Records from a data source:
————————

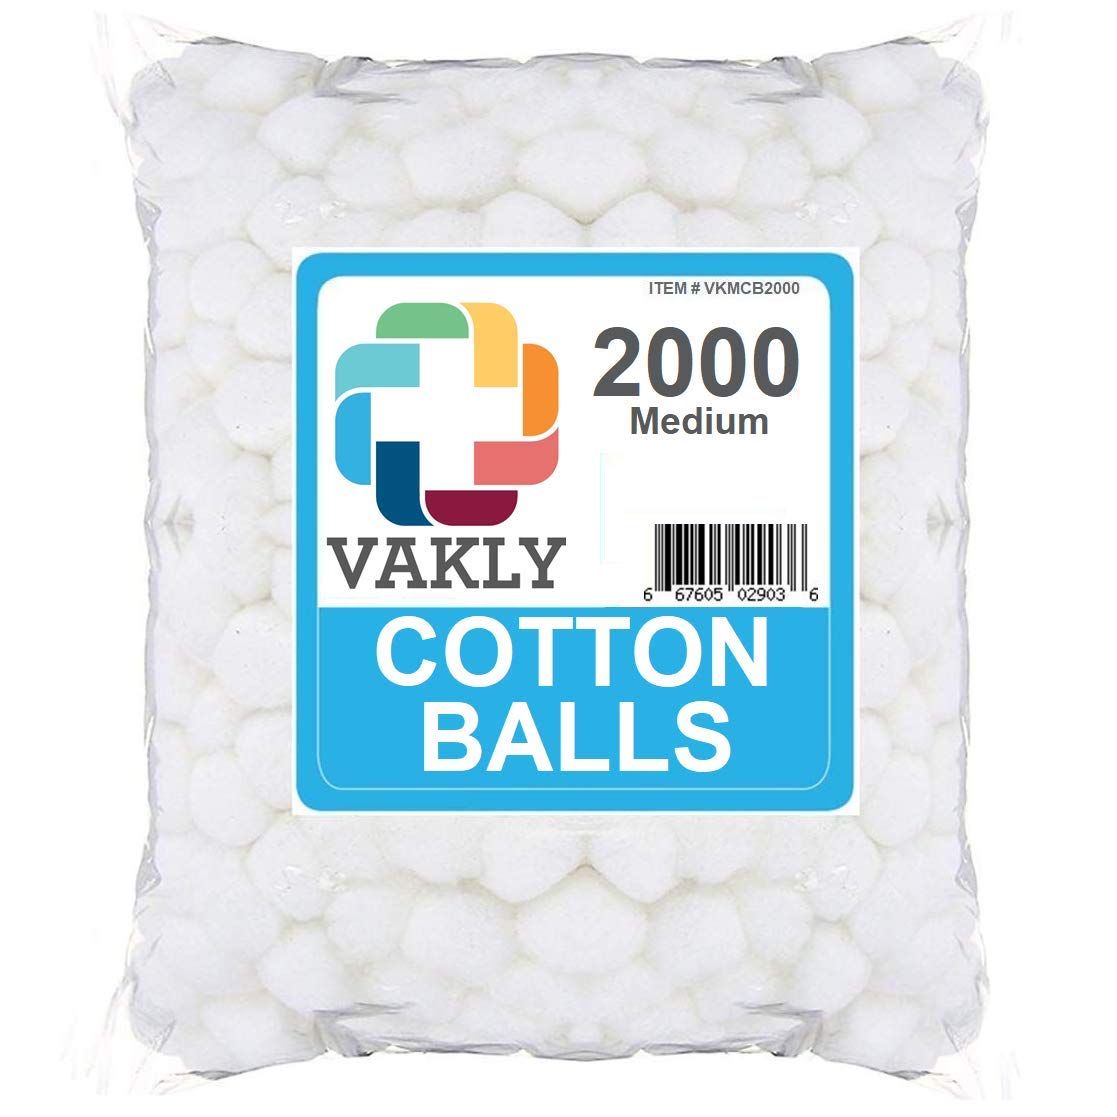  Dukal Cotton Balls. Pack of 1000 Large cotton balls for wound  care. Soft and absorbent, 100% cotton. Non-sterile cotton. Soft, white,  single use, latex-free. : Beauty & Personal Care
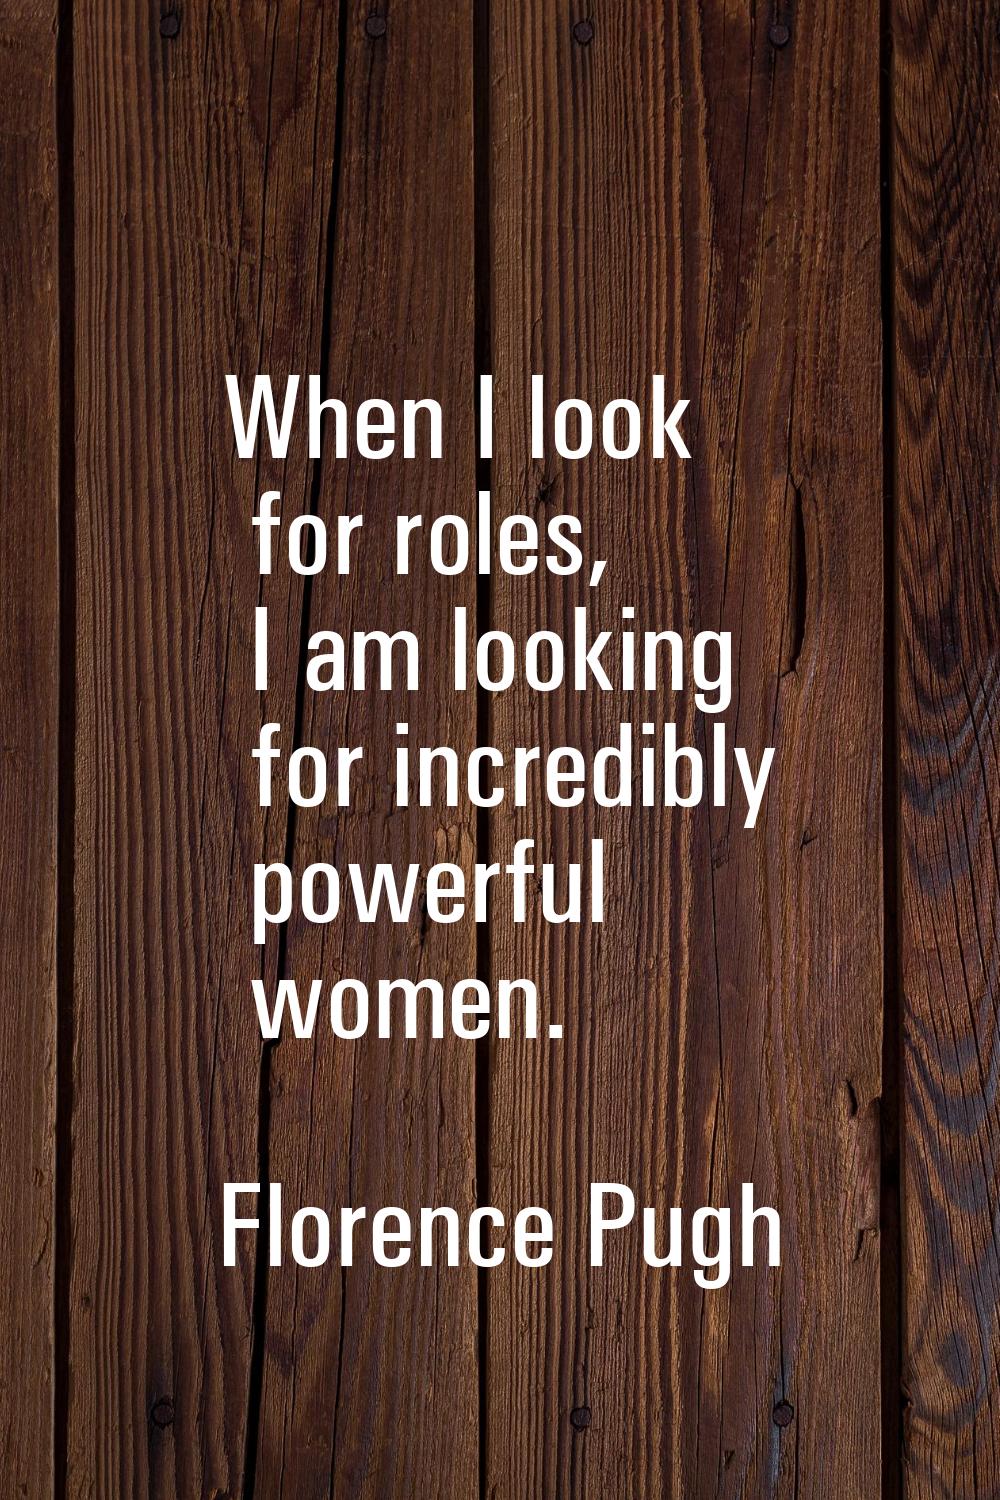 When I look for roles, I am looking for incredibly powerful women.
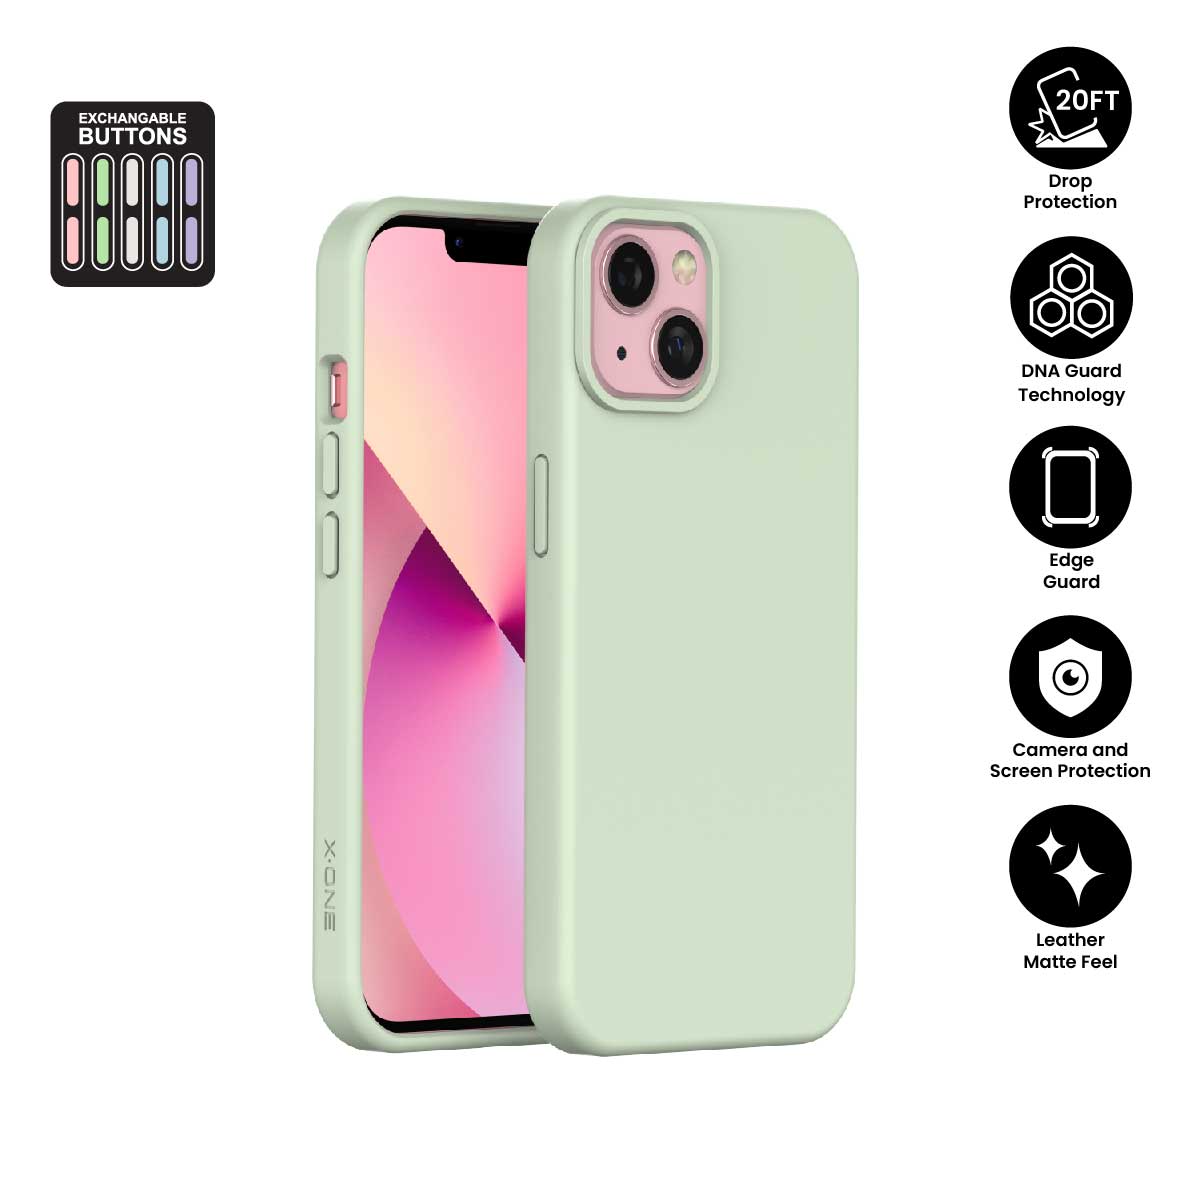 X.One® Shock Dominator (Pastel Series) Impact Protection Case for iPhone 14 Series
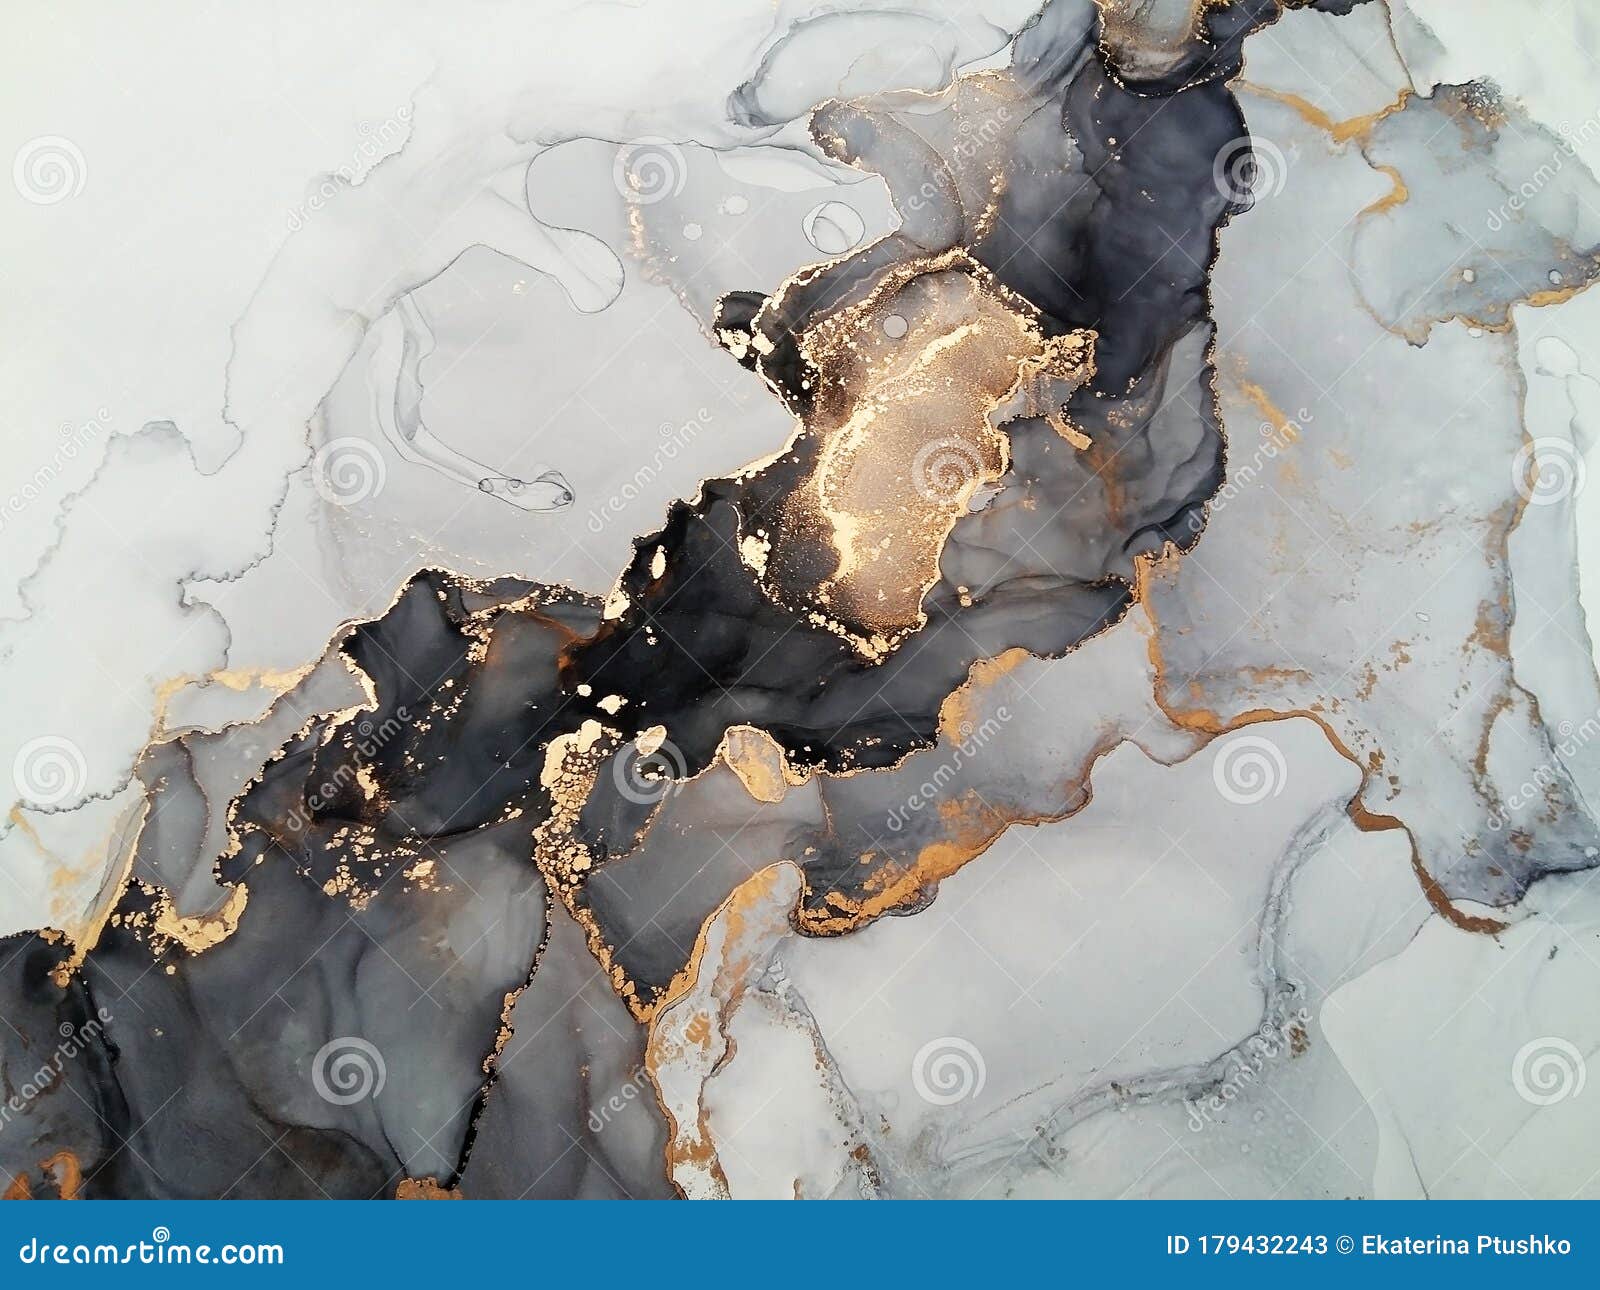 luxury abstract fluid art painting background alcohol ink technique black shades of gray and gold. rough edges of paint flow out
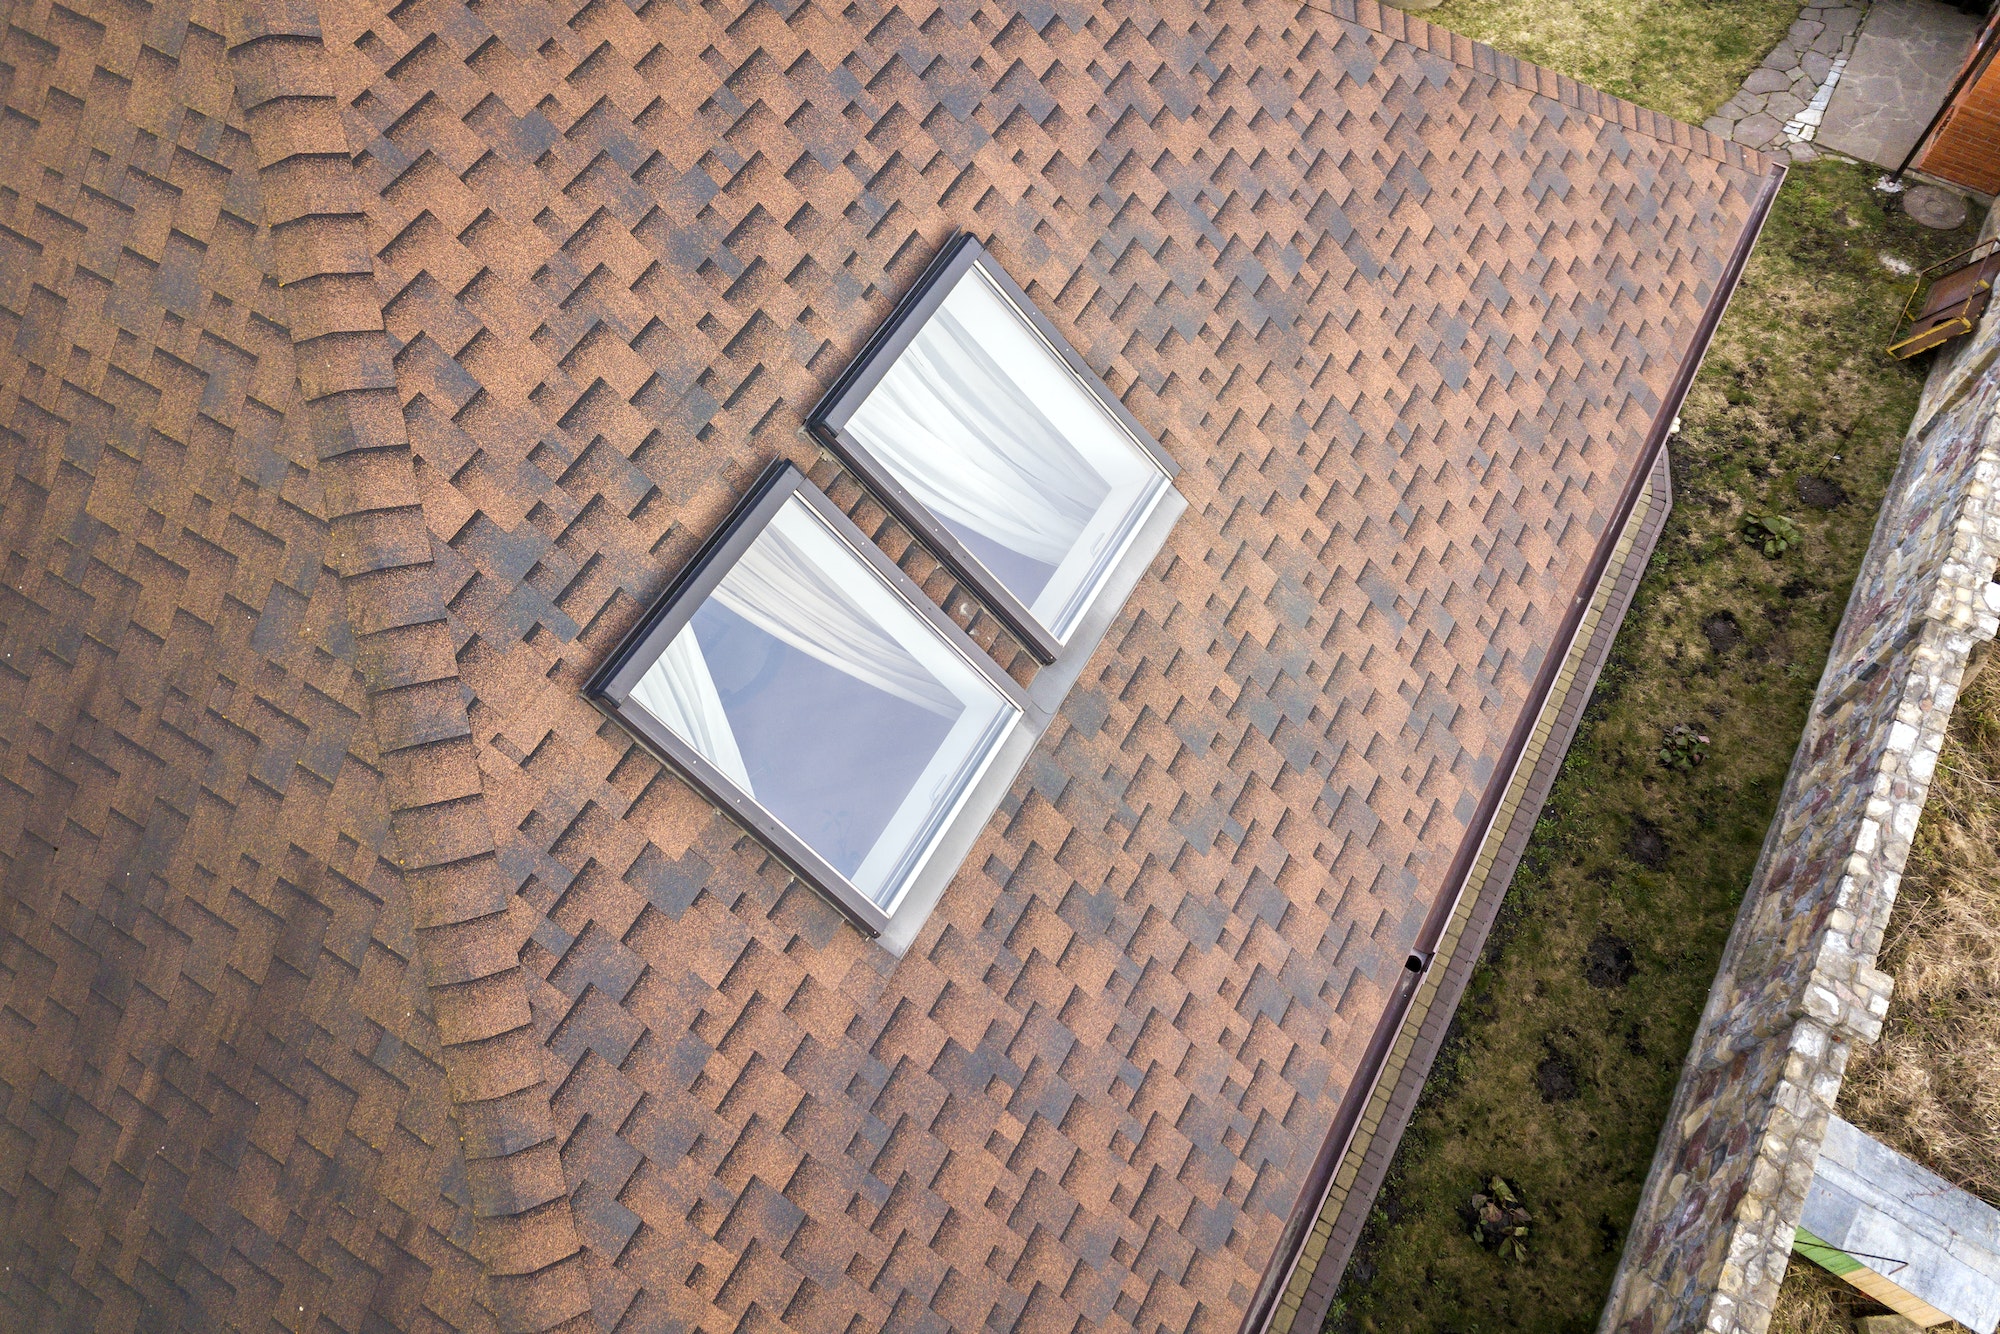 Close-up of new small attic plastic windows installed in brown shingled house roof.

————————

*The problem*. In the entries above, find the line containing "When I look". Transcribe it and every later line to the end, exactly, and leave out the pictures.

*Written reply*.
 When I look for roles, I am looking for incredibly powerful women.
 X.One® Shock Dominator (Pastel Series) Impact Protection Case for iPhone 14 Series
 luxury abstract fluid art painting background alcohol ink technique black shades of gray and gold. rough edges of paint flow out
 Close-up of new small attic plastic windows installed in brown shingled house roof.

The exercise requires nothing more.